This year’s EuroScience Open Forum meeting will go ahead as planned in Katowice, but uncertainty looms over the 2026 conference
EuroScience, the association behind the European Science Open Forum (ESOF), Europe’s largest science conference has gone bankrupt after failing to secure funding for the 2026 event.
This year’s ESOF will go on as planned in Katowice, Poland, but uncertainty looms over the future after the European Commission, a co-funder of the conference, changed the way it allocates money for the biennial event, prompting other supporters to pull out.
EuroScience was set up in 1997 by a group of 250 scientists and research professionals from 25 European countries, with the goal of bringing together people interested in science, technology and the humanities. The association has actively participated in shaping science and technology policy in Europe, but it is mainly known for launching the ESOF conference, with the first event taking place in Stockholm in 2004.
The ambition was to replicate the annual event of the American Association for the Advancement of Science (AAAS), which is the world’s flagship science event. Bringing the concept to Europe meant the continent would have a broader, membership-based science association.
“Financial troubles [at EuroScience] are not that new,” said Martin Andler, French mathematician and former vice president of EuroScience, who now runs the Initiative for Science in Europe. The problems got more acute after the 2020 conference in Trieste, when the COVID-19 pandemic increased costs.
According to secretary general Matthias Girod, EuroScience has been trying to improve its model and rebuild its cash reserves, but that became increasingly difficult. “The world after Corona and in the aftermath of the Russian invasion of Ukraine was not the same. The increased costs of living and basically everything made it increasingly difficult to finance EuroScience normal operations, let alone pay back debts,” Girod said.
The first ESOF conference got off the ground when an initial grant from the Swedish Research Council used to attract more funding from charities and other organisations,
The Commission stepped in as anchor funder of the second ESOF in Munich and has given €10 million to organise subsequent events The money is funnelled through grant agreements issued to 11 distinct legal entitites, usually the local organisers. The cities hosting the events are also designated ‘European City of Science’.
But in June last year, the Commission told EuroScience that from 2026 it would no longer fund a single European City of Science, and instead hold an open call inviting applications from a consortium of European cities.
The call, ‘Science comes to town’, will open in April. A Commission official said this would allow EuroScience or other entities to be part of a proposal submitted to the future call.
“EuroScience is welcome to apply to the many available calls under Horizon Europe, including the future call to be opened on ‘Science comes to town’,” the official said.
The Commission says the change is not intended to block funding for ESOF but rather to make the allocation of funding more tansparent, as part of a competitive call for a consortium of European cities to organise science communication events, which could include ESOF 2026.
Without the guarantee of EU funding, EuroScience decided at the end of 2023 that it could not carry on, and the Strasbourg-based organisation is now being liquidated. “We arrived in 2024 without any guaranteed income and perspective until 2026 and a loan on our back,” said Girod, who has decided to leave his post at the end of the month.
Each ESOF has cost about €4 million, of which the Commission covered about €1 million. The rest was raised from donations, sponsorships and grants from local and regional authorities.
One of the founding fathers of ESOF, Carl Johan Sundberg, professor at the department of phisiology and pharmacology at the Karolinska Insitutet, said having a dedicated line in the Horizon Europe budget helps local organisers attract other sponsors. The competitive Science comes to town route call will not have the same pull. “The bidding mechanism would be a poison pill for many organisers,” Sundberg said.

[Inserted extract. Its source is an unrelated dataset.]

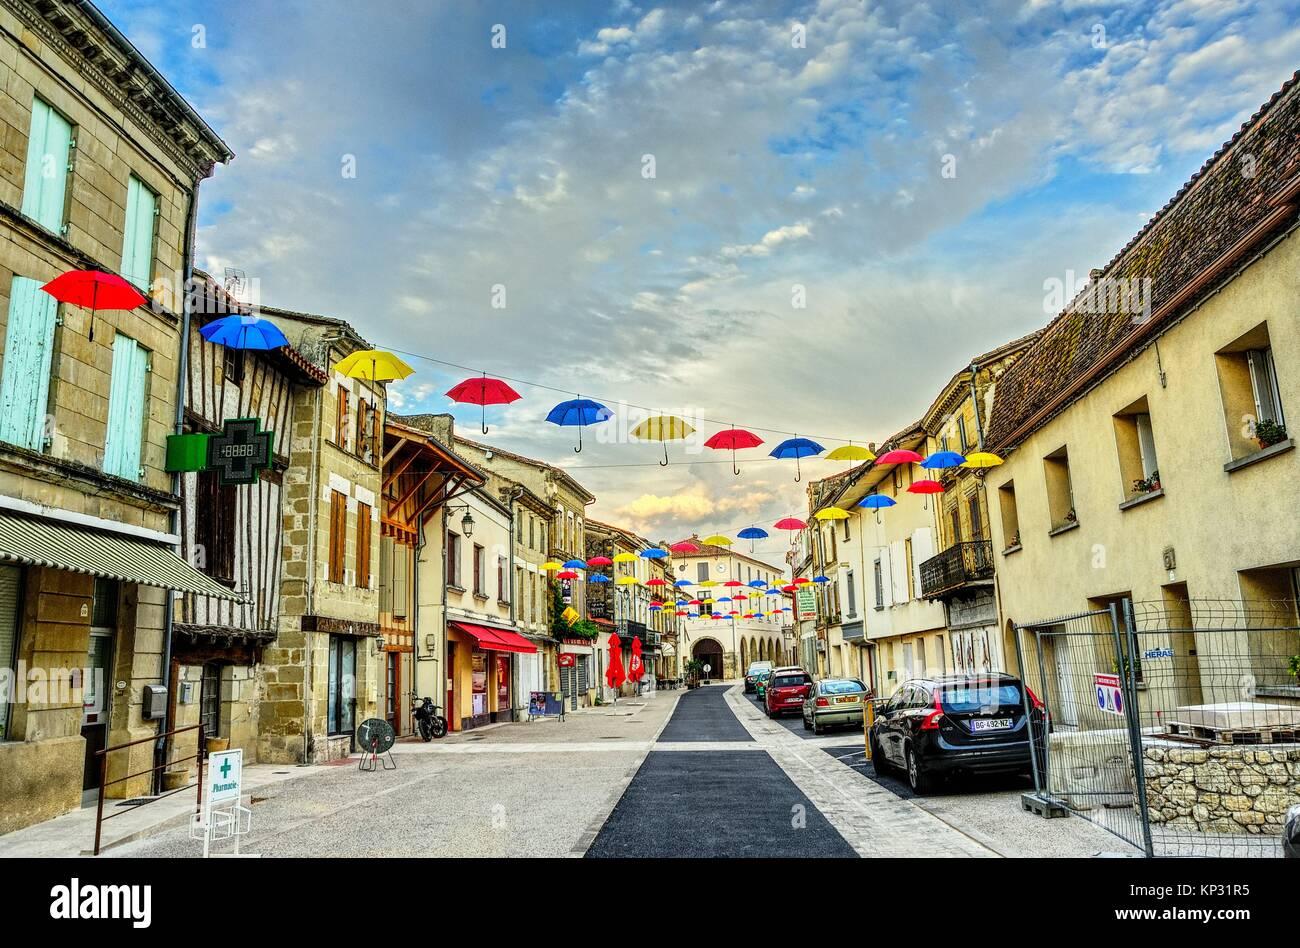 Rue Marcel Herve decorated for annual Gasconnade Festival, Lauzun, Lot-et-Garonne Department, New Aquitaine, France. - Stock Image

Brian Cahill, a member of the EuroScience board since 2018 told Science|Business the financial model was not diversified enough. “The association had a small membership,” he said. With its budget dependent on contributions from the EU, every time there was a change in the Commission’s directorate, ESOF funding was put into question.
Saving ESOF
A group of scientists and research managers are now scrambling to safeguard the ESOF trademark and organise a 2026 conference without EU funding.
Sundberg said Stockholm had been interested in organising ESOF 2026 but gave up after it became apparent that EU funding is no longer guaranteed.
“It’s unclear if it’s going to be saved,” said Andler. As things stand, there is no candidate city to organise it in 2026, and no planned income for 2025. “If there had been any income, then they might have been able to do something,” he said.
Since Euroscience is being liquidated, anyone could acquire the ESOF brand name. Regardless of what happens to the name, Europe needs a grassroot organisation of scientists and an international conference, Sundberg said, “Saving the spirit of ESOF is more important, it doesn’t matter if we keep or not the same name,” he said. “It depends who will take the initiative.”
Editor’s note: Every two years, ESOF conferences become the top-profile meeting point for much of the European research and innovation community – featuring as speakers EU commissioners, member state ministers, Nobel prize winners and many university and company leaders. Science|Business is among the scores of organisations that organised panel discussions during the conferences, and its executives served from 2008 to 2018 on various planning committees for the event.